At my other house I used the TS 10x20 for many years to park my truck under. Instead of the tiny stakes they provided for anchors I drove 2ft. rebar in at each post and tied a rope from the frame to the rebar, never had an issue in the highest of winds.


----------



## Thunderbeard (Dec 3, 2012)

Cool...Thanks.


----------



## 7Mag Hunter (Dec 3, 2012)

Sams club has a 10X20 canopy for about $200.00......Fairly easy
to put up and take down.....2 guys can do it easy.....
Not sure you can make one from PVC and a good tarp for much less....
It has anchor legs so wind will not move it....


----------



## Mako22 (Dec 4, 2012)

This is what I use but it stays up year round, I got it at Tractor Supply for around $200. I do take the canopy off of it in the spring after deer season so it doesn't blow away.


----------



## riprap (Dec 5, 2012)

Miguel Cervantes said:


> At my other house I used the TS 10x20 for many years to park my truck under.
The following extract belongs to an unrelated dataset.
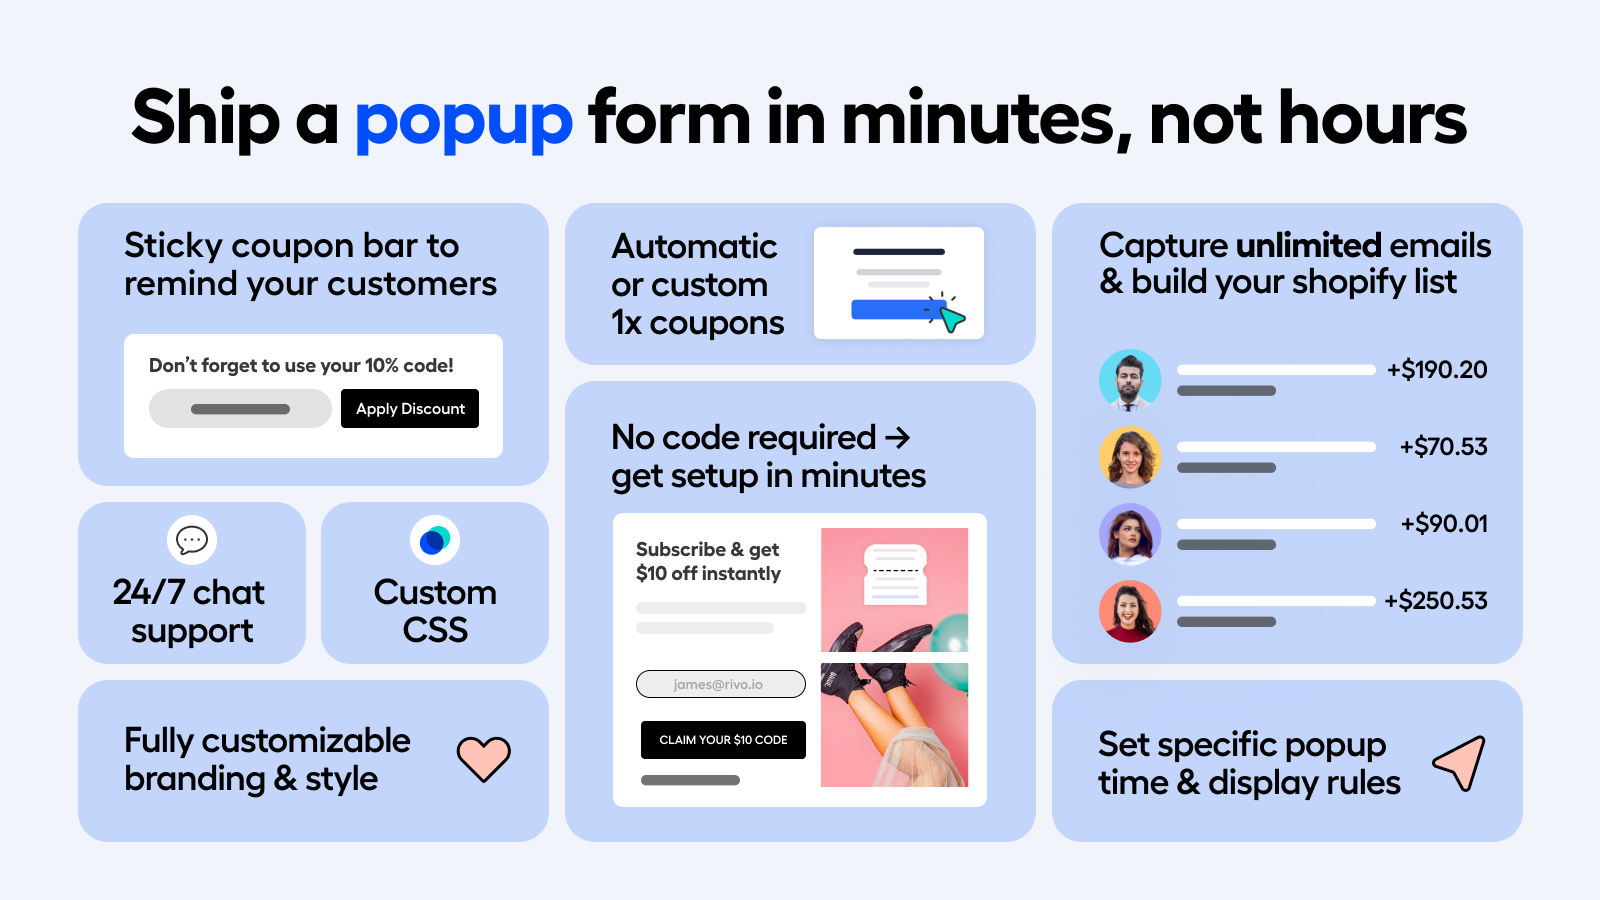 Ship a popup form in minutes, not hours

Instead of the tiny stakes they provided for anchors I drove 2ft. rebar in at each post and tied a rope from the frame to the rebar, never had an issue in the highest of winds.



The screw in the ground things to put your dog on work great and they are cheap. I use those on my canopy on the 5th wheel.


----------



## Miguel Cervantes (Dec 5, 2012)

riprap said:


> The screw in the ground things to put your dog on work great and they are cheap. I use those on my canopy on the 5th wheel.



That's a good idea!!!


----------



## 7Mag Hunter (Jan 21, 2013)

riprap said:


> The screw in the ground things to put your dog on work great and they are cheap. I use those on my canopy on the 5th wheel.




I use 10" landscape spikes......


----------